Then there are exercises where you and he are "scoring the process" and not scoring for points... Shots that were executed poorly but happened to hit the X are bad shots; shots where the execution was good but happen to land in the blue are good shots... Your scorecard is nothing more than + or -, and the goal is to improve on that scoring format regardless of actual points. When the process is consistent/repeatable, the points will come automatically; and the process is in your control while once the arrow leaves everything is out of your hands... 

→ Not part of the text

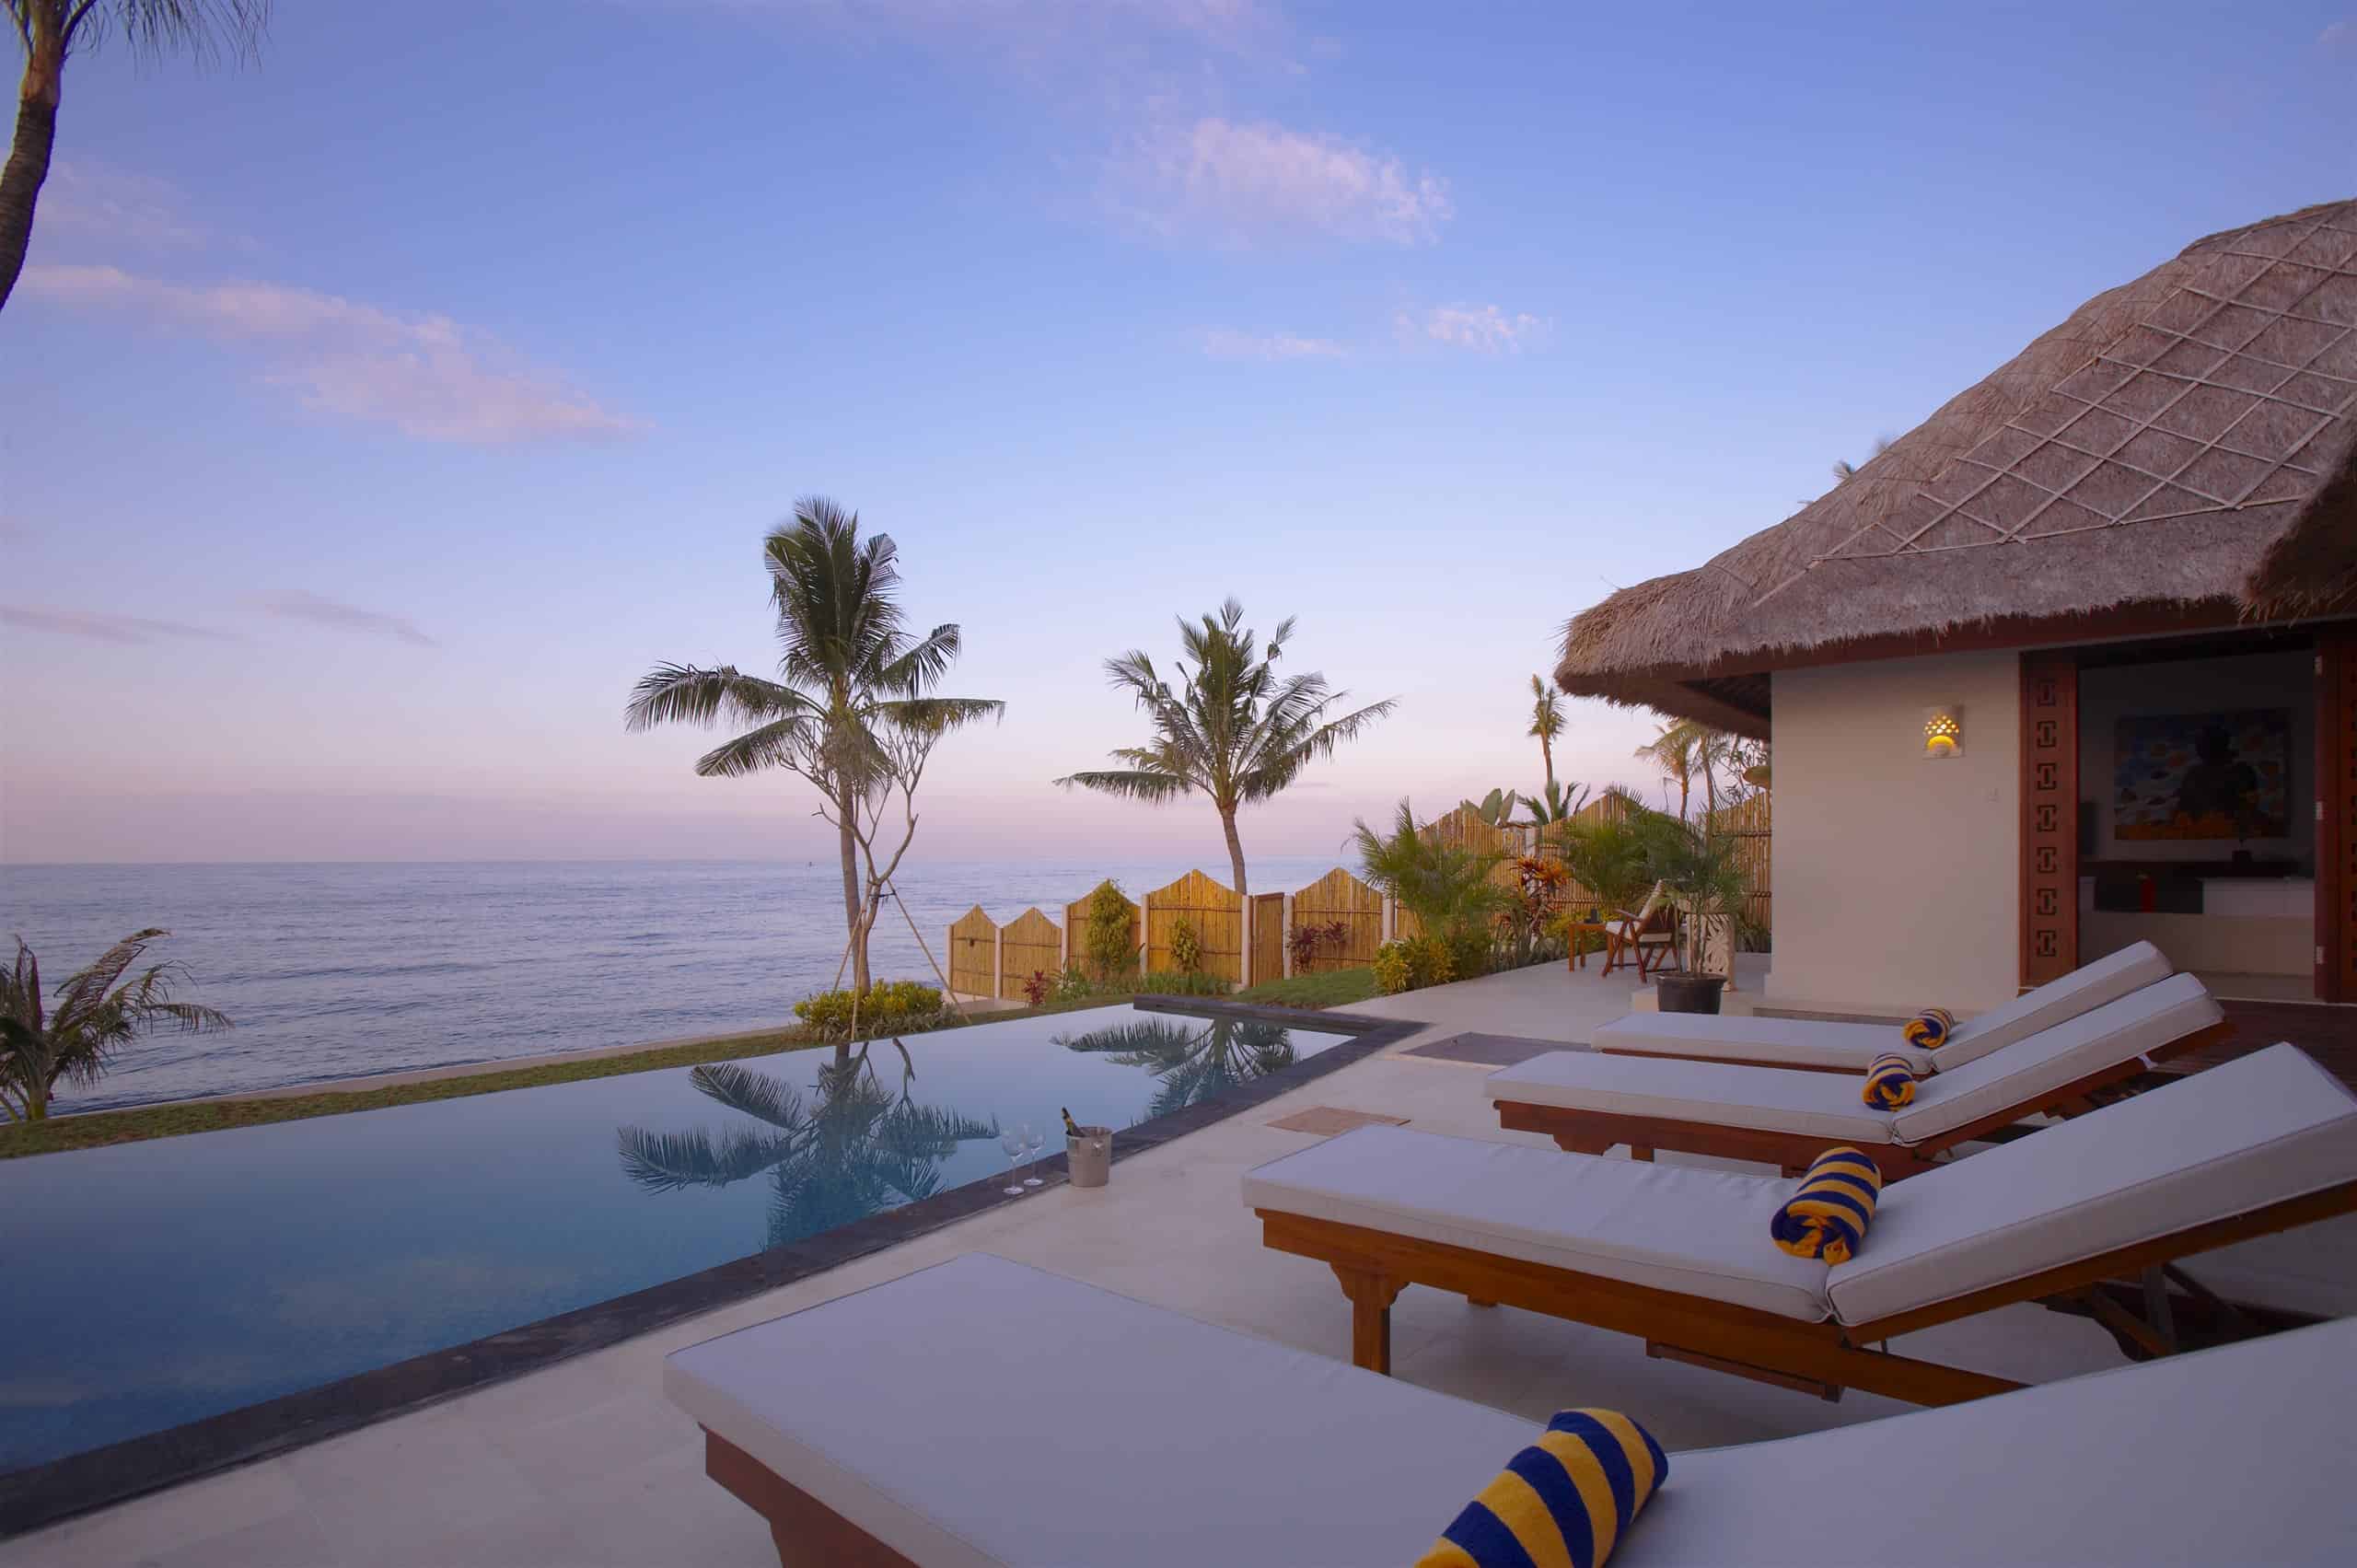 Seaview Oceanfront Resort in Bali

Finally, and this sort of depends on your son's personality, but competition calluses... We get used to and better manage high stress situations by being in high stress situations


----------



## 8025952 (Sep 7, 2020)

Sounds like his problem is anxiety around other archers. I would have him shoot around as many people as possible. The confidence exercises stated above will be a big help. But if he can not learn to stay confident around other archers it will continue. This is hard, exposure to other archers and knowing your only competing against yourself and not them can be hard to grasp. If he can shoot with a good crowd and be able to talk with them and laugh and enjoy himself good shots will follow. Good luck.


----------



## 8025952 (Sep 7, 2020)

Another thing that can help is to have him, slow down his draw anchor and alignment. Pretty much make him shoot as slow as humanly possible without fatigue. This forces your brain to stay focused on the shot process and not what's around you. He looses himself around others because his mind is probably how he stacks up against others instead of his shot process. This causes rushed shots, off anchor, and drive by aiming. If he's forced to preform his shot process as slow as possible, it will keep his mind where it needs to be to continue shooting well.


----------